By now they should have bonded with you or at least formed some kind of interactive relationship. What kinds of things are you doing to bond with them? You should be spending at least 20 minutes a day holding them, or doing bathtub bonding, etc. How are they with being handled?

I'm also curious where you have their cage and how much time you spend near the cage.


----------



## frenchyy (Nov 19, 2015)

Ok I'll give u all the details maybe u can tell me what's right and wrong


----------



## frenchyy (Nov 19, 2015)

Ok so the cage is next to my bed where I am at all times...when I let them out of the cage I open the little door which falls on to my bed so they roam on it while I'm on it. Minimum 20 mins...they walk around they love going under blankets they will crawl in me but they will not look for me or my attention. They do not like being picked up. The smaller one give the impression that he does not like me at all. He does not like being touched and he ignores me completely when I try to pet he runs away. He's skittish but has never popped in fear.the other one is not as cold towards me. The only time he'll play with me is if he's about to come out of cage he does this run around cage pops his head out while I wiggle my fingers he likes that game but that is the closest thing that comes to me and them bonding.


----------



## frenchyy (Nov 19, 2015)

I've been jobless for a few months now so I'm always laying next to their cage. They're sleeping most of the time. Right now they're out on my bed and they're not interested in me at all...they'll crawl over me they aren't scared of me to that point but it's hard to explain ya know  idk I thought maybe it's because they're young over time they'll come around but it's been 3 months and only a little progress has happened :/ I'm worried they'll stay like this forever and if so then they're more trouble than pleasure unfortunately I'm keeping them illegally that's y I say that


----------



## frenchyy (Nov 19, 2015)

I just tried playing tug of war with them with tissues for the first time they couldn't care less  they like stealing stuff haha but that's about it :/ uhgg idk what's wrong or what to do!


----------



## Verucasdad (Aug 31, 2015)

Did you try some treats as incentive? Not a whole lot, but enough to get them to come to you?


----------



## frenchyy (Nov 19, 2015)

They come to me for treats they're not that scared


----------



## raqathta (Sep 16, 2015)

My two rats are not very interested in me, either. Not very affectionate. They're curious, and not afraid of me most of the time, but are much more interested in the big wide world than in me. I have handled them and bribed them with treats since I got them, when they were about 2 mos. old. My rats do groom each other a lot, and spend time piled on top of each other in their hammock or squeezed into their cardboard box. They love free-ranging around the house, and play-fight with each other. But I haven't been able to train them or even teach them their names. Once in a while they come to me, but they don't cuddle with me. I find the best time to cultivate affection is when they are sleepy in the morning. Scratching their cheeks and heads sends them into blisses of bruxing. They relax and close their eyes and bliss out. If I scratch between their shoulder blades, they will nibble and lick my fingers or hand. If yours sleep a lot, that's the time to cuddle with them and groom them. See if they will sleep near you on the bed. I make my ratties very happy by giving them paper to rip up and shred and pull into their nests. I use plain paper that comes as wrapping for items I order online. I wouldn't use anything with ink on it. They spend a lot of time exploring it and tearing it up. Good boredom cure.


----------



## RattieFosters (Aug 8, 2015)

I think what both of you have to remember is that every rat has a different personality. Females *tend *to be more energetic and less cuddly, and males *tend* to be more lethargic and more affectionate, but this isn't a rule. You can get energetic males and lazy females as well. Every rat has a different personality. Also, your rats sound pretty young, so it's not unusual for them to be more active. Rats aren't really adults until 6 months, so yours are still pretty young by rat standards, and have a lot of energy.
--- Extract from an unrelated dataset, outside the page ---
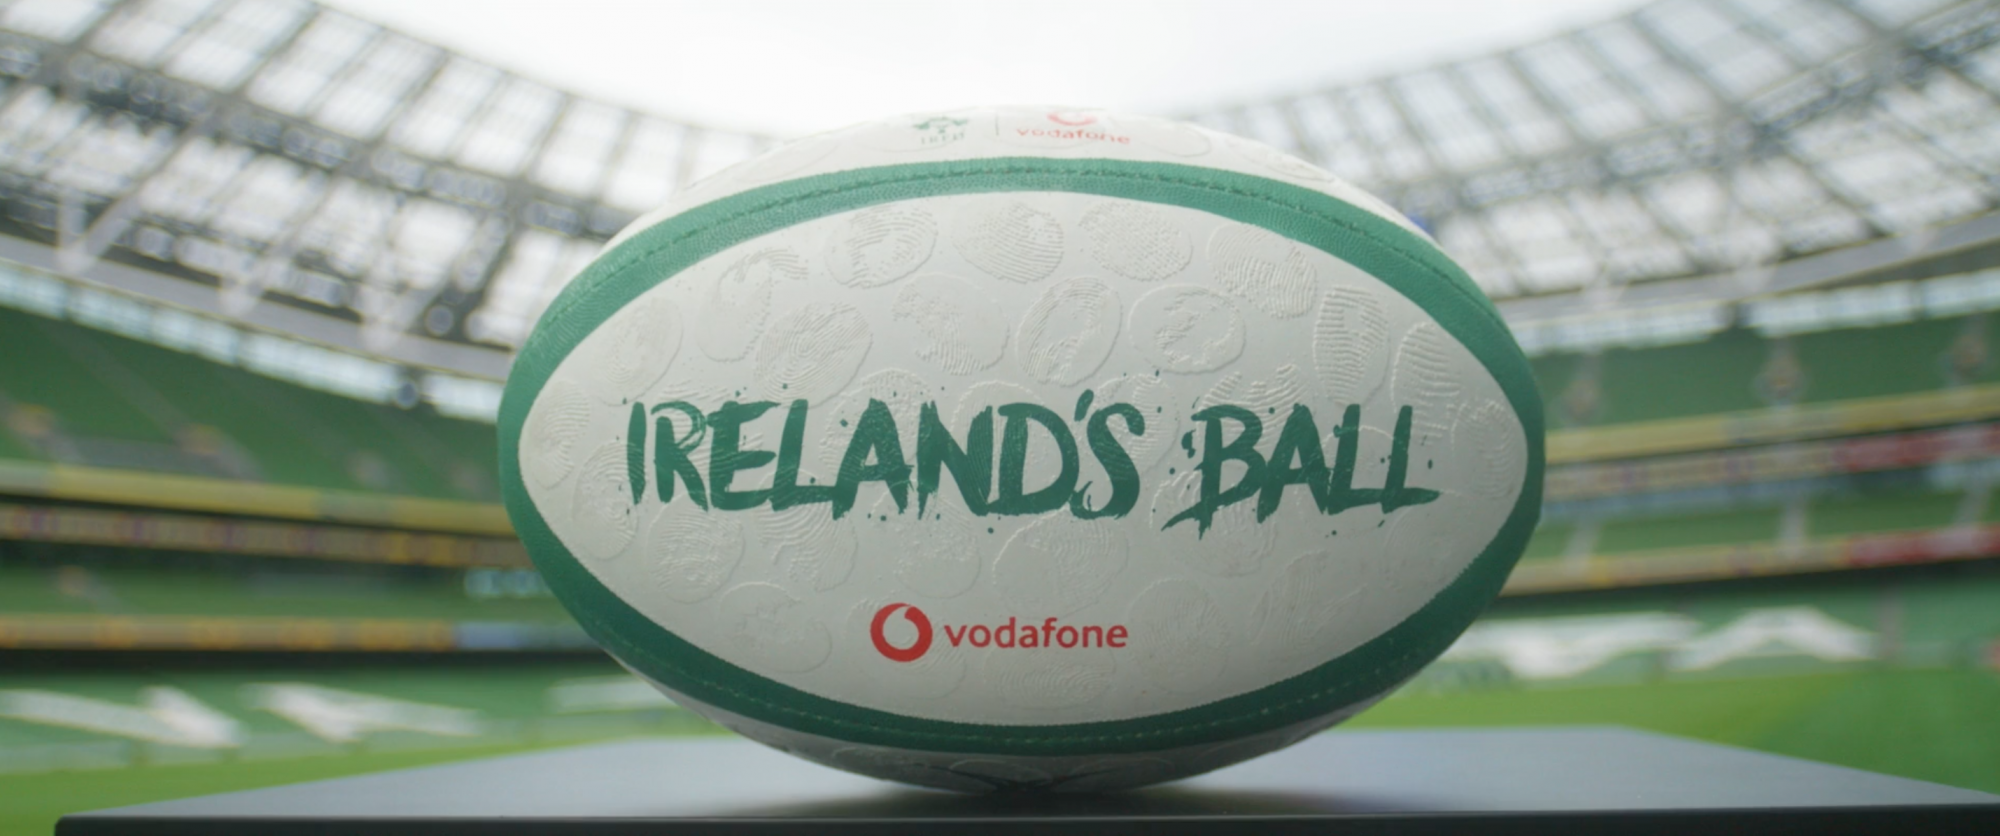 ‘Ireland’s Ball’ – Vodafone & IRFU
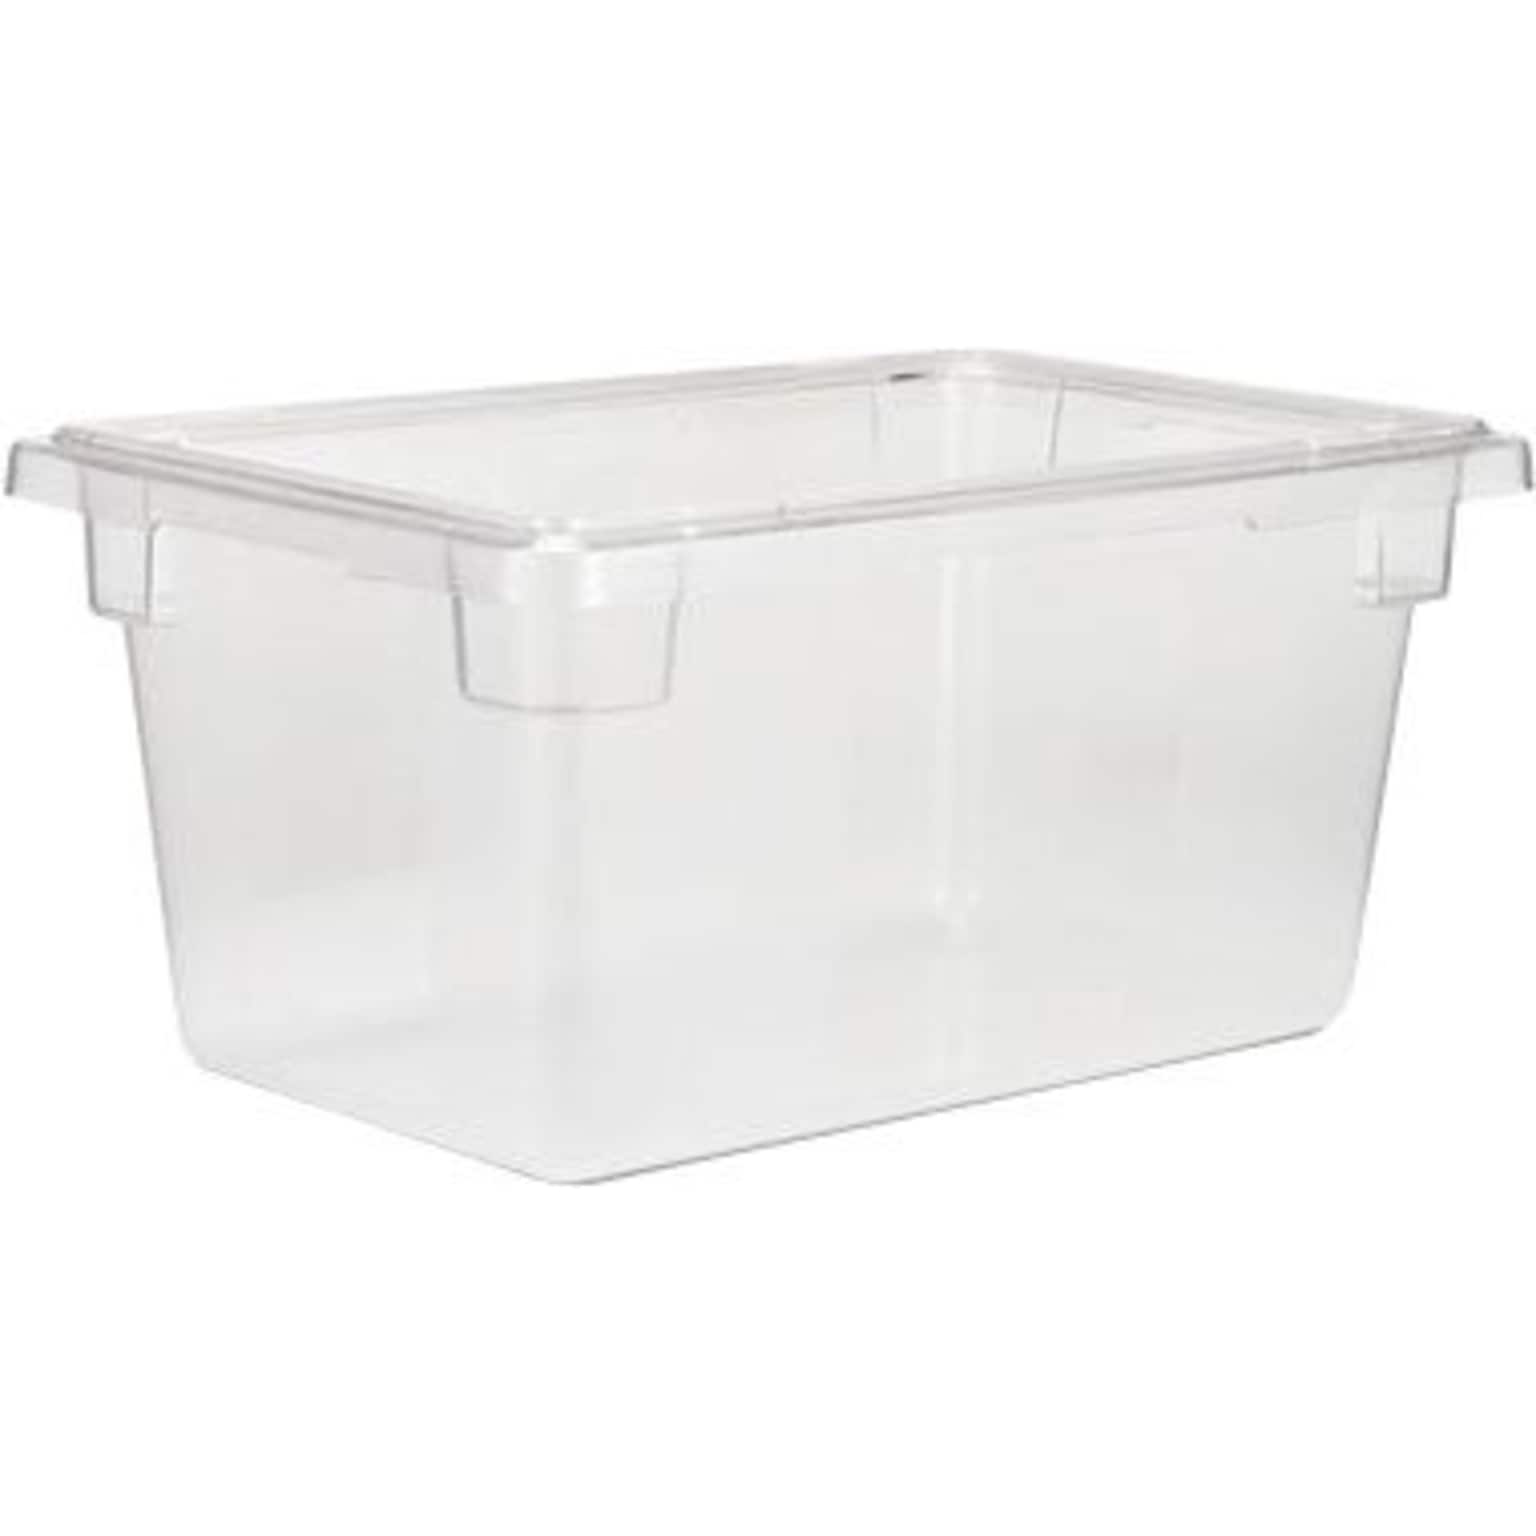 Rubbermaid® Clear Food/Tote Box, 5 Gallon

Using treats is a good idea. I would recommend Gerber baby puffs, as they're very low in calories, can be broken into small pieces, and I've yet to meet a rat that doesn't like them.  Don't be afraid to bribe them into liking you. xP


----------



## Minky (Apr 4, 2013)

It's awesome that their cage is near your bed, that should help a lot. It sounds like they weren't socialized as babies and now they're afraid of hands or indifferent to people. 

There's a lot of information on how to socialize rats here: http://www.ratforum.com/showthread.php?39776-Timid-or-Aggressive-Rat-Trust-Training
You probably have a lot of work ahead of you to get these rats to bond with you, but I bet you can make some progress if you follow the advice in the sticky.


----------